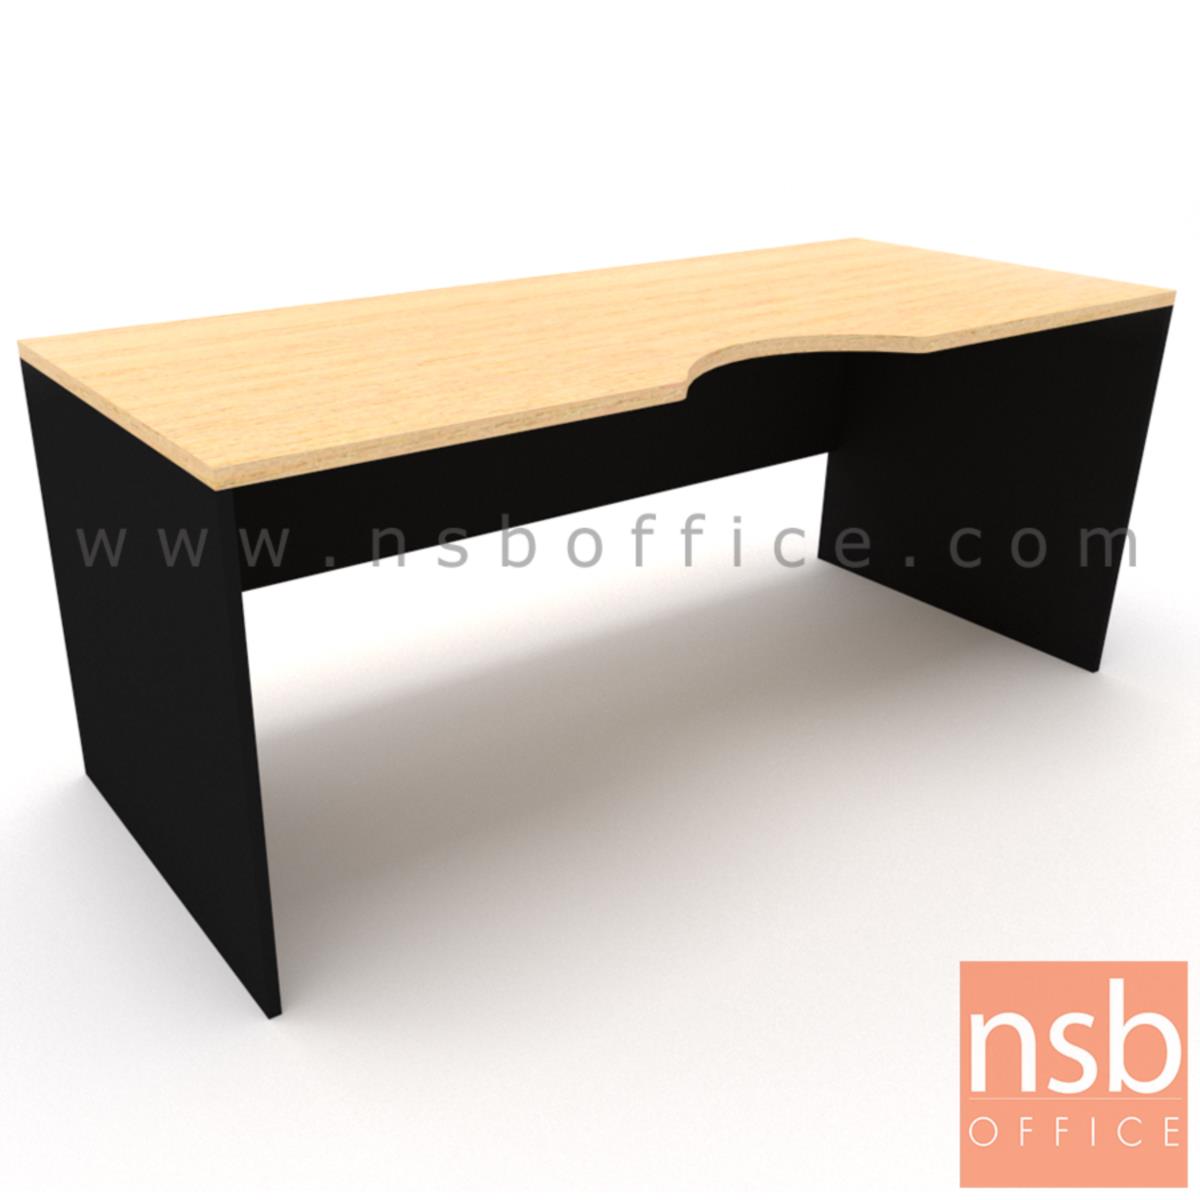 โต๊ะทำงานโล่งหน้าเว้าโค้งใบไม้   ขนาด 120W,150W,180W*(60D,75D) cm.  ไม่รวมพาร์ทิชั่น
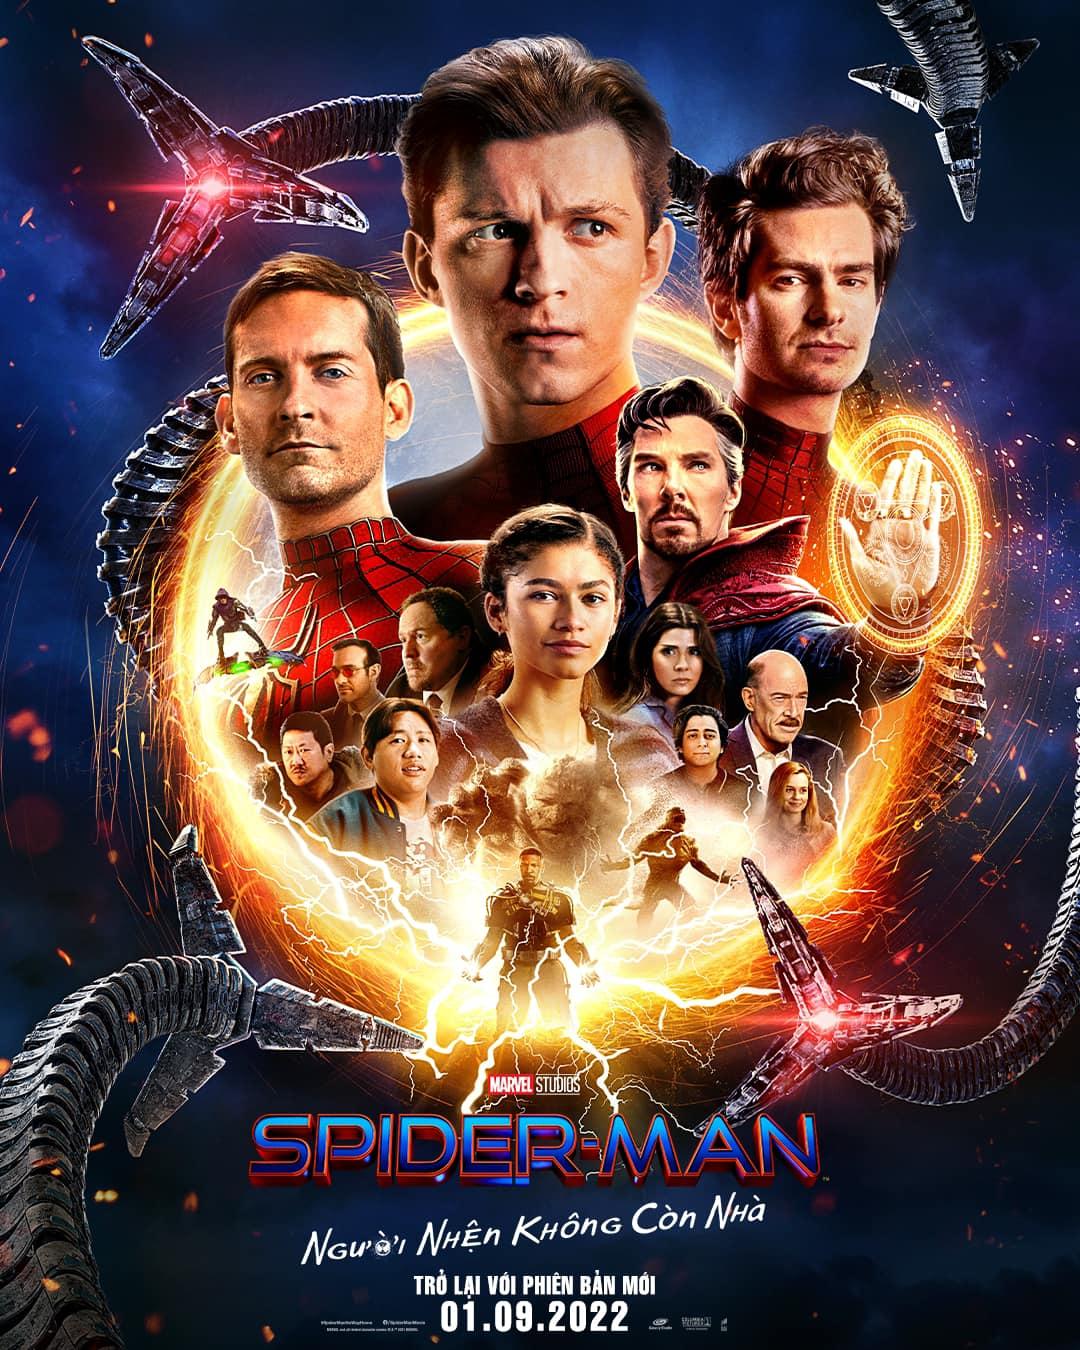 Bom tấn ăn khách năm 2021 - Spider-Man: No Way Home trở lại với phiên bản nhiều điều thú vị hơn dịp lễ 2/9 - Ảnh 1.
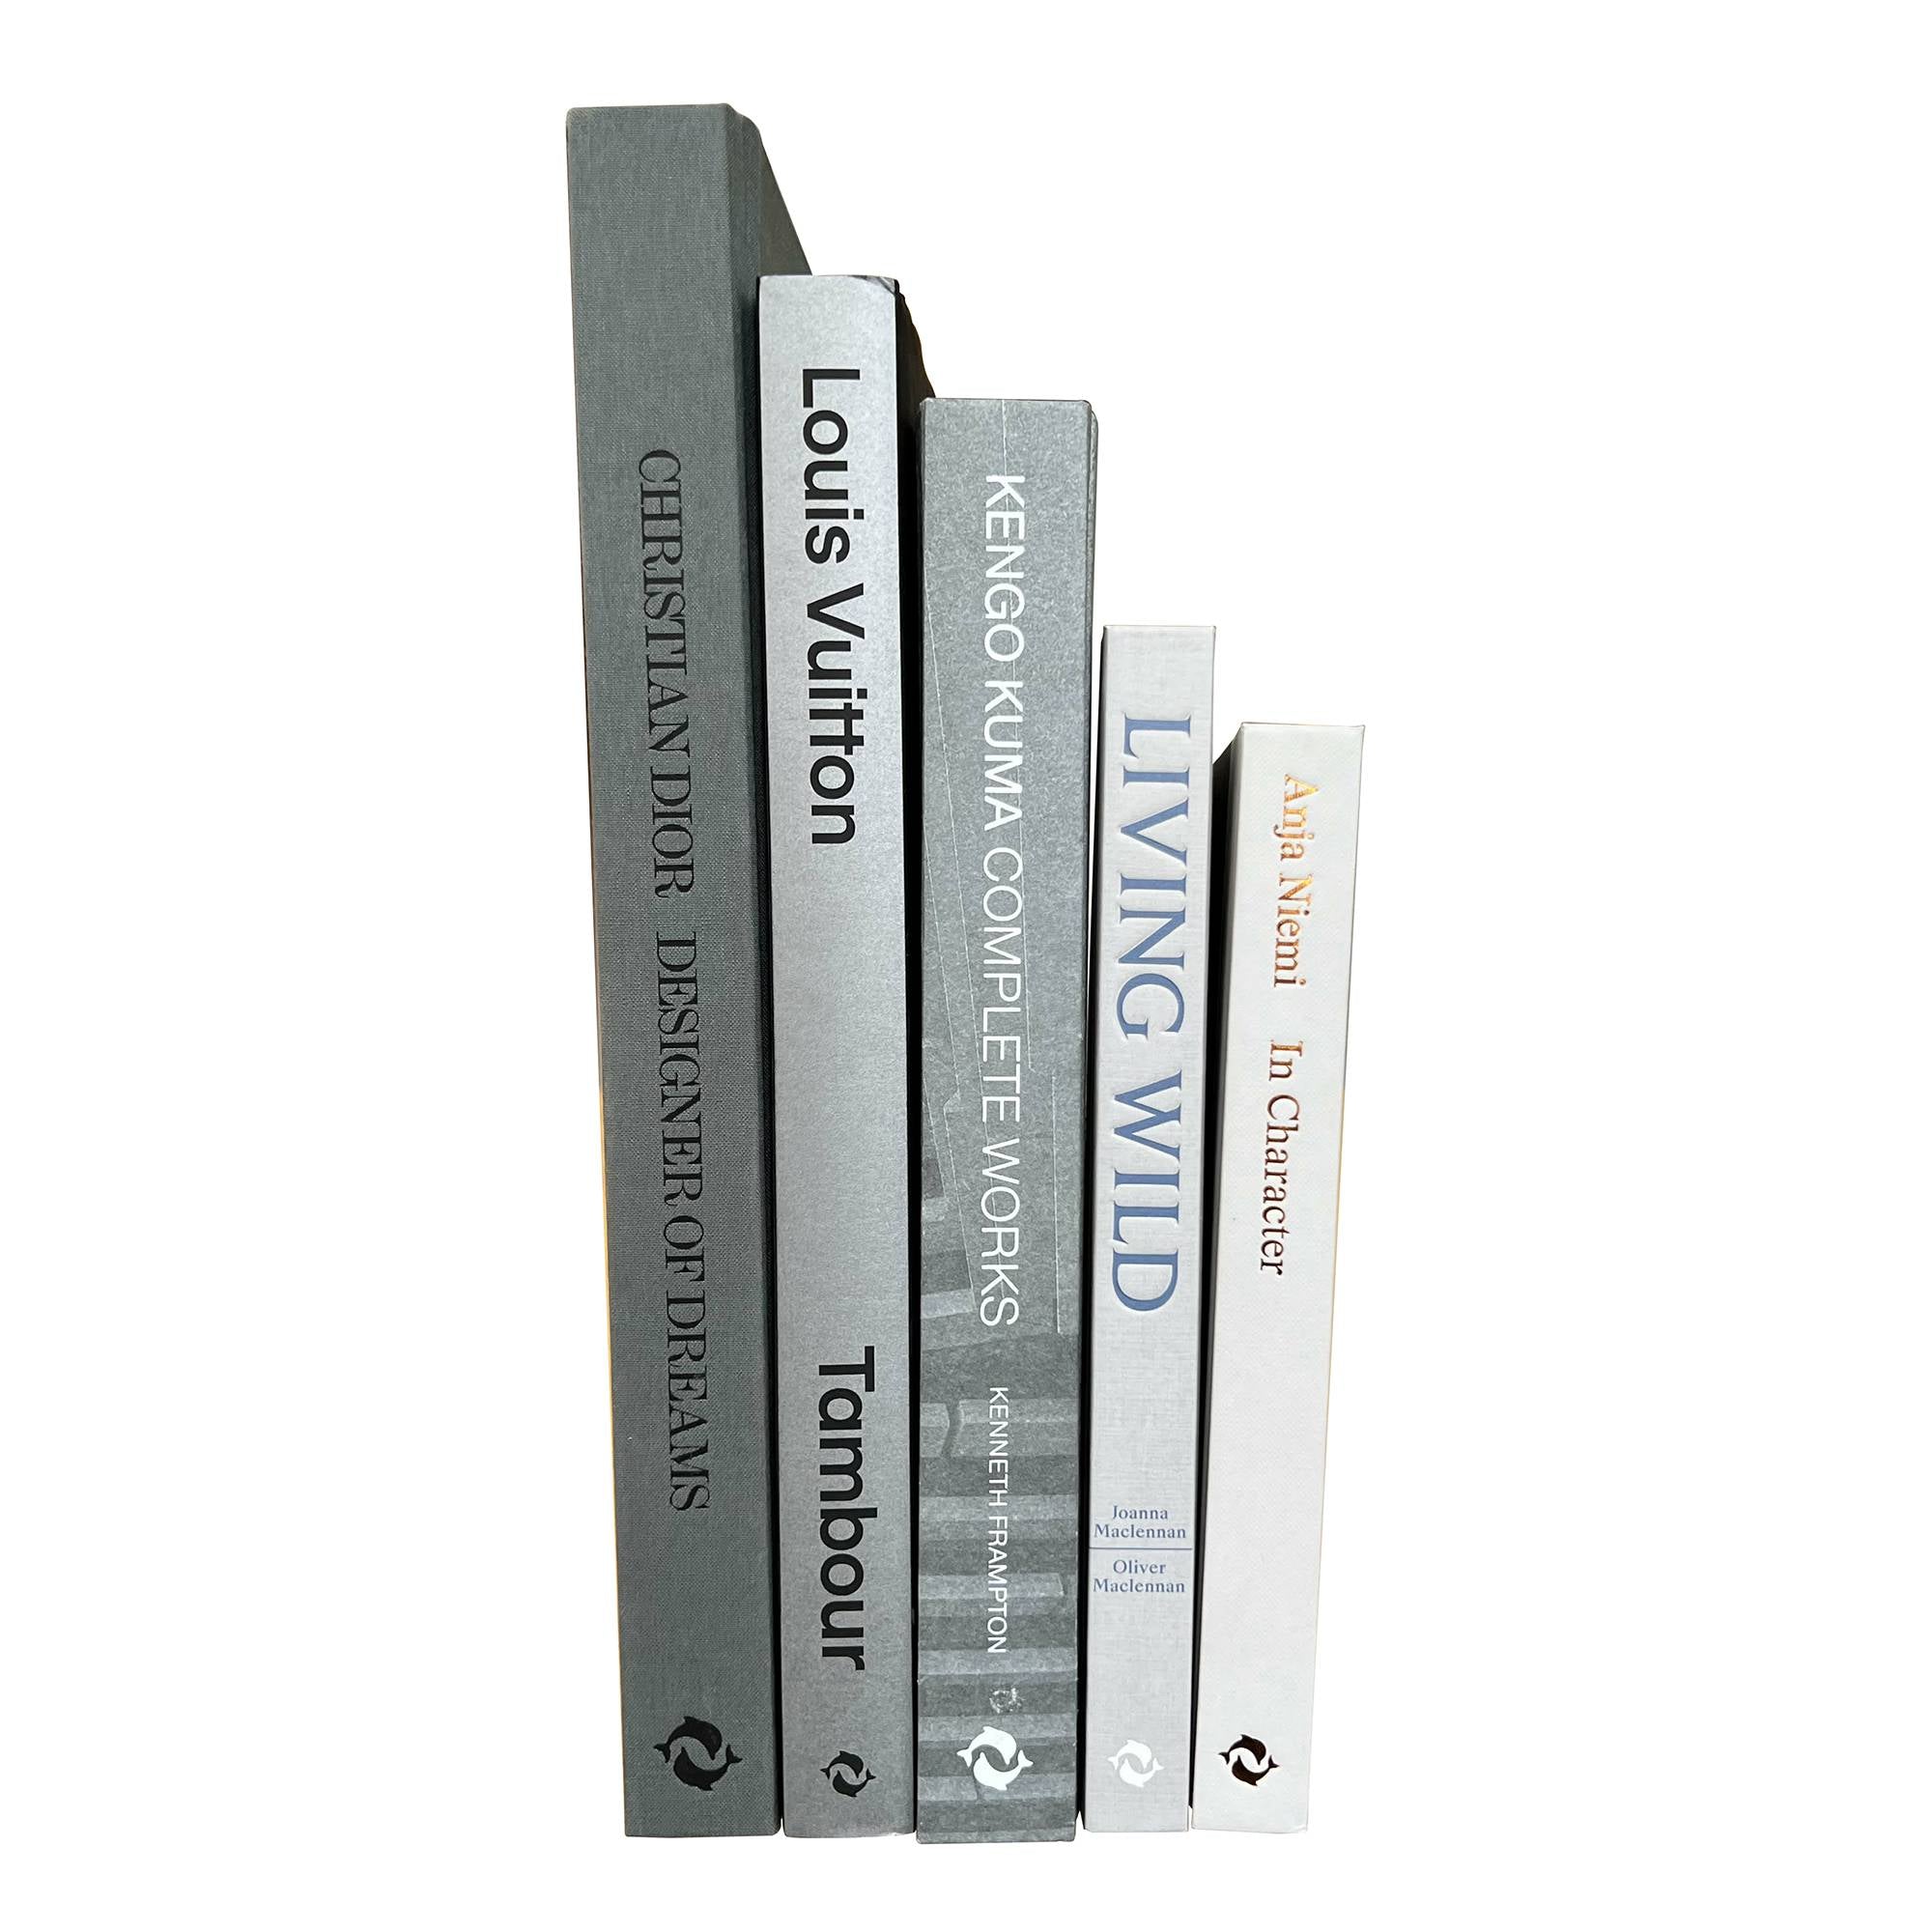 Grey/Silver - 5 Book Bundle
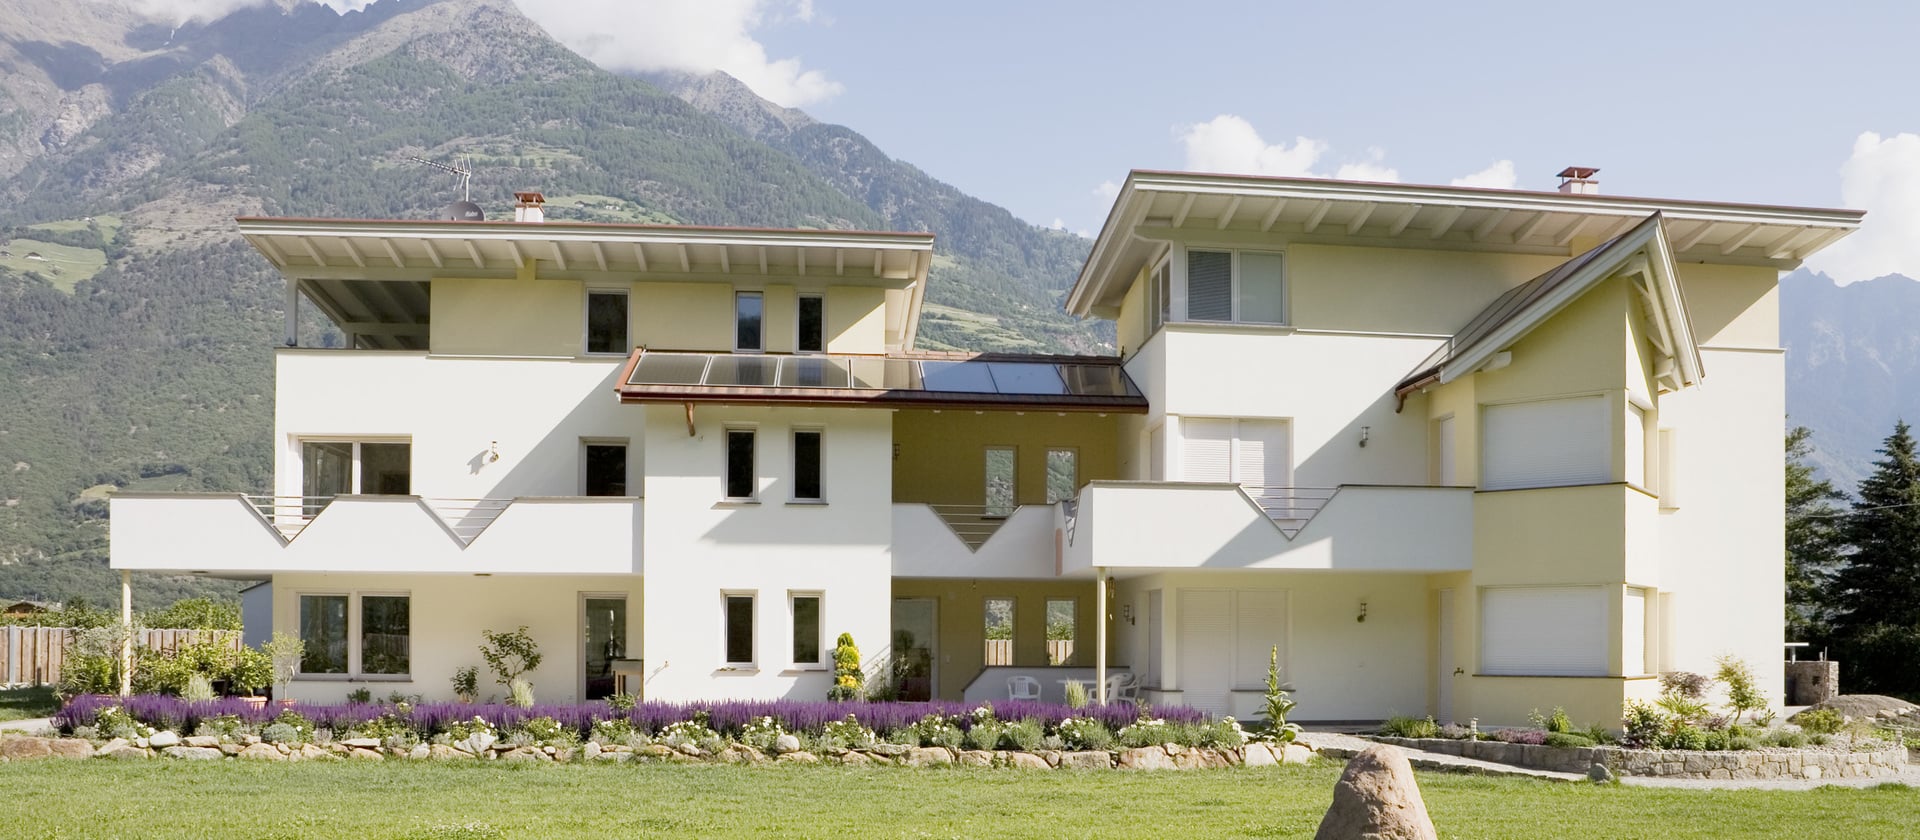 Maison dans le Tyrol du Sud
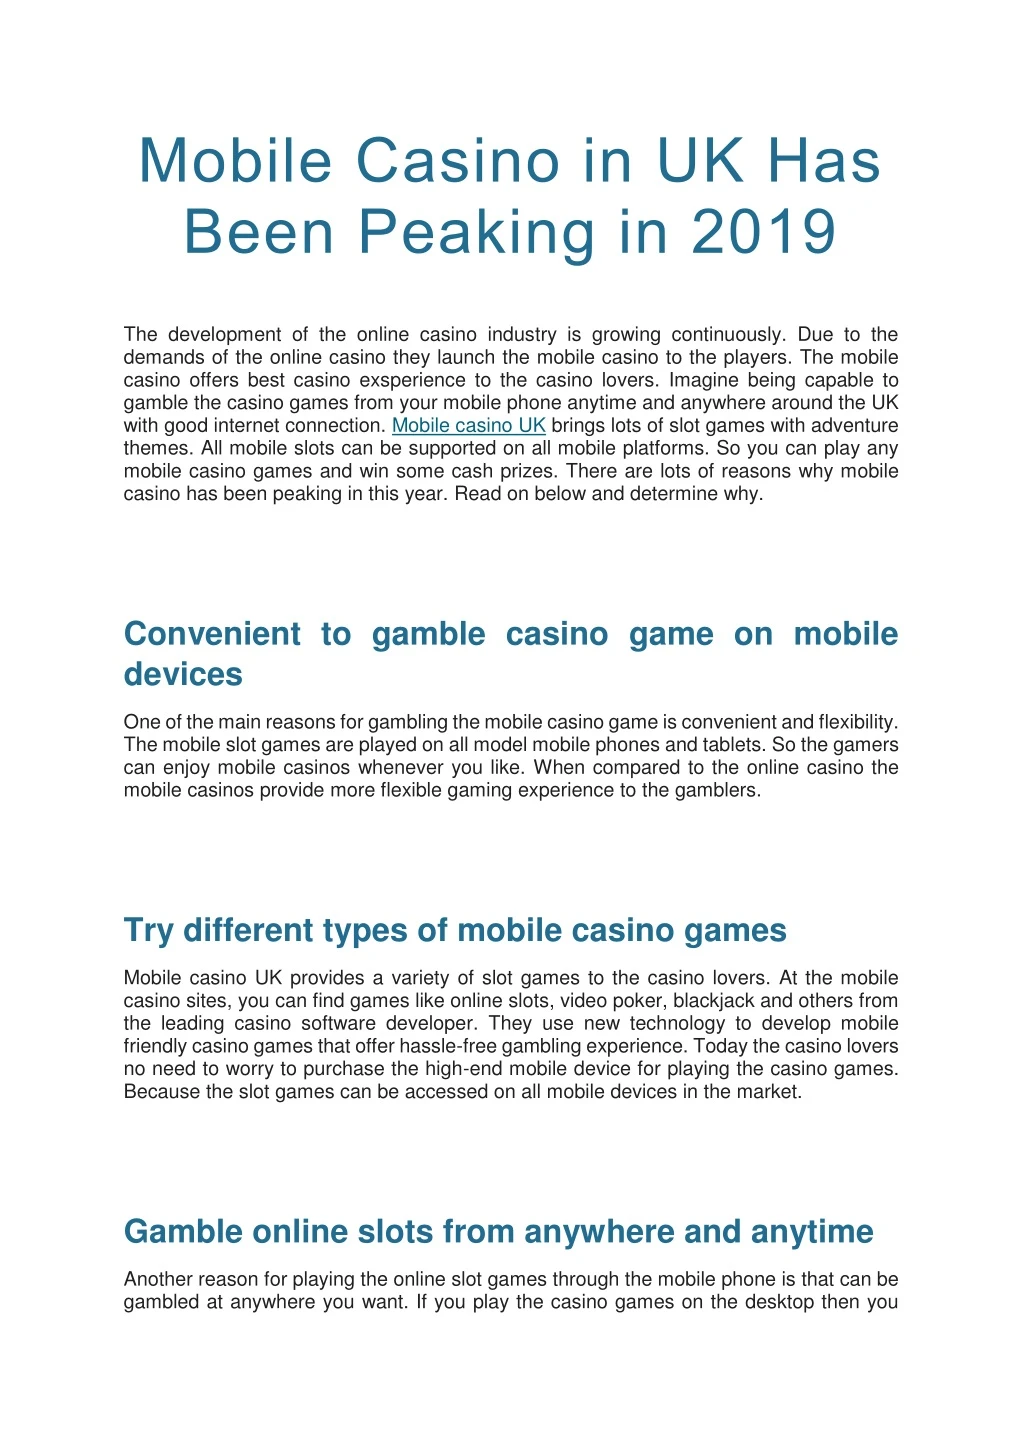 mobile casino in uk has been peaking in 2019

- [REQUIRED ACTION]: Reproduce precisely the lines of the listing above, from the line containing "Bom tấn ăn khách" to the last line, both ends included. Pictures are to be omitted.

- [RESPONSE TO THIS EXERCISE]:
 Bom tấn ăn khách năm 2021 - Spider-Man: No Way Home trở lại với phiên bản nhiều điều thú vị hơn dịp lễ 2/9 - Ảnh 1.
 Grey/Silver - 5 Book Bundle
 Maison dans le Tyrol du Sud
 mobile casino in uk has been peaking in 2019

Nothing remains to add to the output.